America’s war: Re-mapping the globe
by Aijaz Ahmad
Frontline, India
www.flonnet.com


What is new in the United States' foreign policy is the declaration that it has the unique right to make war against any government that it considers inimical to its interests, and the notice that has been served upon the world to either support this policy or face retribution.

It has become quite clear that the real strategic aim of the United States (U.S.) is not so much a change of regime in Afghanistan but to obtain realignments of power across the globe. The destruction of the World Trade Centre (WTC) was by any reckoning an act of a group of desperadoes with so few resources that even after 12 days of bombings, which brought the main cities of Afghanistan - Mazaar-e-Sharif, Herat and even Kabul and Kandahar - close to collapse, the so-called "terror with a global reach" had not been able to retaliate even in one place in the entire world. Yet, the event has been cited by the U.S. time and again as the one that authorises it to make overt and covert wars wherever and whenever it so desires, in all corners of the globe.

In his televised address to the joint session of the U.S. Congress a few days after the hijackers' attack, President Bush claimed that there were tens of thousands of terrorists lurking in some 60 countries and the U.S. was going to wage a global, permanent war to weed them out from every nook and corner of the earth. As the pounding of Afghanistan began, John Negroponte, chief U.S. envoy to the United Nations, wrote a letter to the Security Council stating that "we may find that our self-defence requires further action with respect to other organisations and other states". This was undoubtedly the first communication in the history of the U.N. in which a member-state notified the Security Council of its intent to make war against other member-states without naming them, nor even revealing how many of the member-states were to be targeted. At about the same time, Canadian media revealed that soon after the WTC attack a Seattle-based company that makes maps had received instructions from the U.S. government to supply all existing maps of all parts of Afghanistan, and that by the end of the month it had received a similar instruction to forward all possible maps of Sudan and Yemen as well. Were they also to be targeted?
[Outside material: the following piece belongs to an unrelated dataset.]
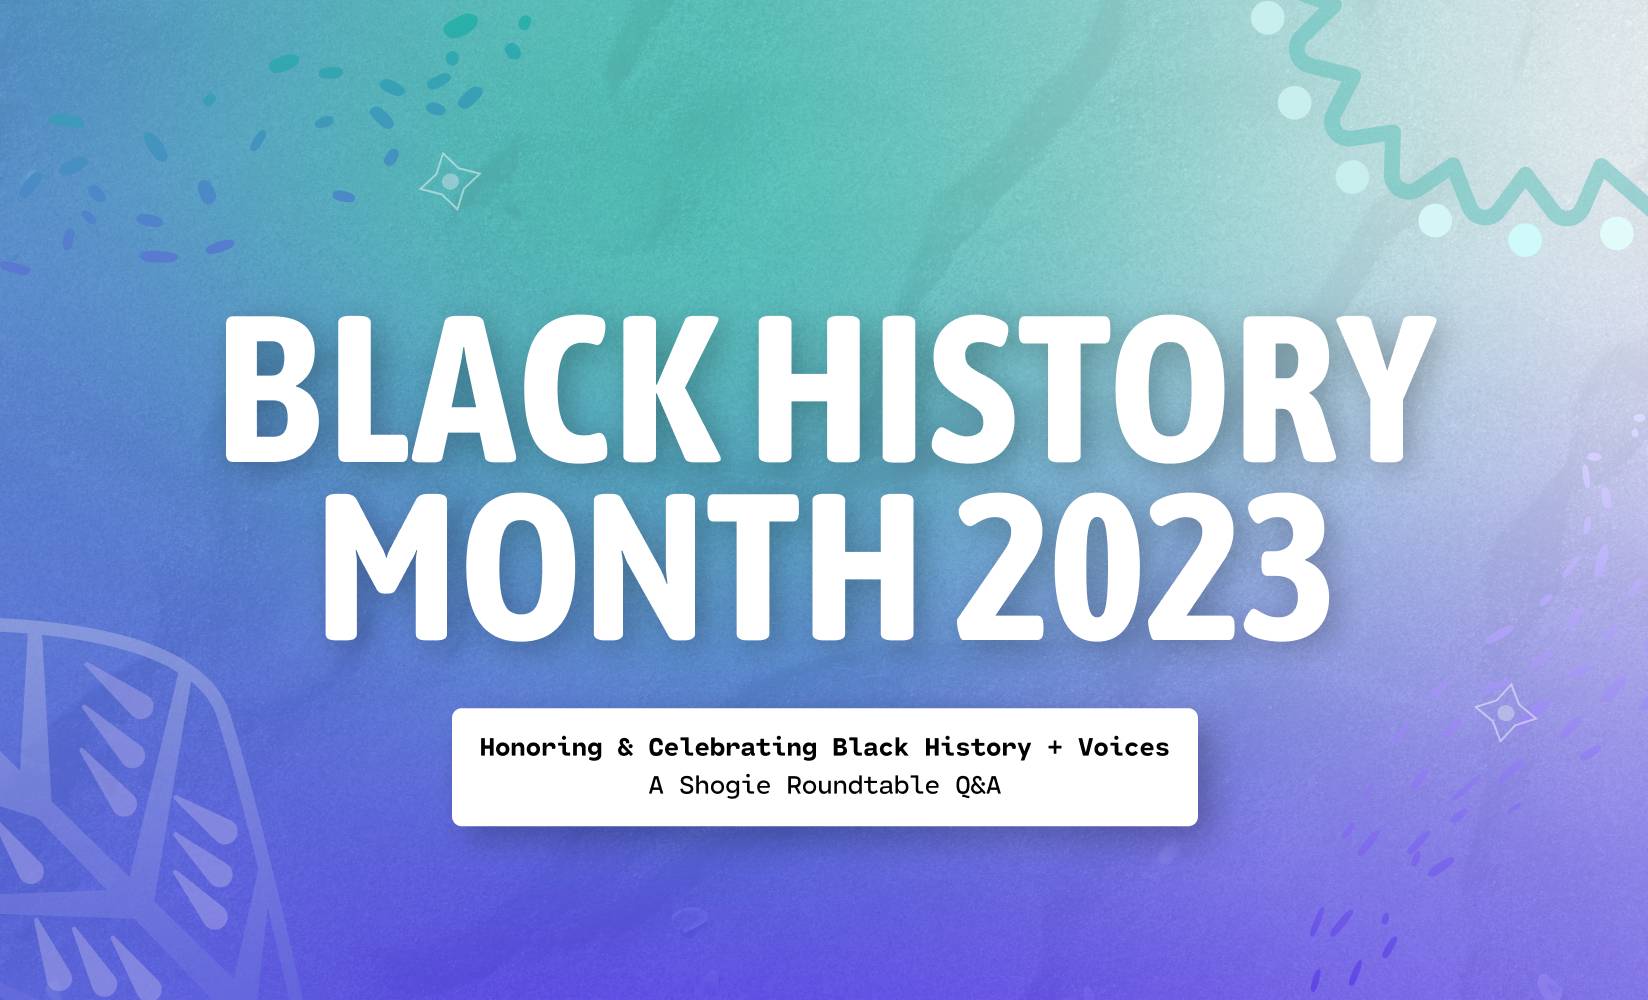 Celebrating and Honoring Black History Month at Shogun v2

A week into the war on Afghanistan, International Herald Tribune reported that an influential group in the Pentagon, which possibly includes Defence Secretary Donald Rumsfeld, was arguing that the next step in the war should be the ouster of Saddam Hussein by American forces in an operation that might include occupation of a part of Iraq so as to instal a "government" comprised of Iraqi exiles close to the U.S. and even the capture of oil fields near Basra in southern Iraq so as to sell the oil from there to pay the expenses of this puppet regime. This, despite the fact that a whole host of intelligence agencies, from the Israeli to the Jordanian – not to speak of Colin Powell, the U.S. Secretary of State – have said that Saddam had nothing to do with the September 11 attacks. The Defence Policy Board, a prestigious bipartisan board of national security experts that advises the Pentagon, was reported to have met for 19 hours to consider this option, with Henry Kissinger (Nixon's Secretary of State), Harold Brown (Carter's Defence Secretary), James Woolsey (Central Intelligence Agency Director during the Clinton regime), Admiral David Jeremiah (a former Deputy Chairman of the joint Chiefs of Staff), Newt Gingrich (the infamous Republican Speaker of the House of Representatives) and other such luminaries in attendance. In the light of his career as a chief spook, Woolsey was assigned the task of assembling "evidence" that would show Saddam's links to "terror with a global reach" and would then be used to prepare a "legal case" to justify such an operation. By now, the U.S. has even invented a name for this new global policy: "regime replacement". Any regime that is not to the liking of the U.S. may face such "replacement".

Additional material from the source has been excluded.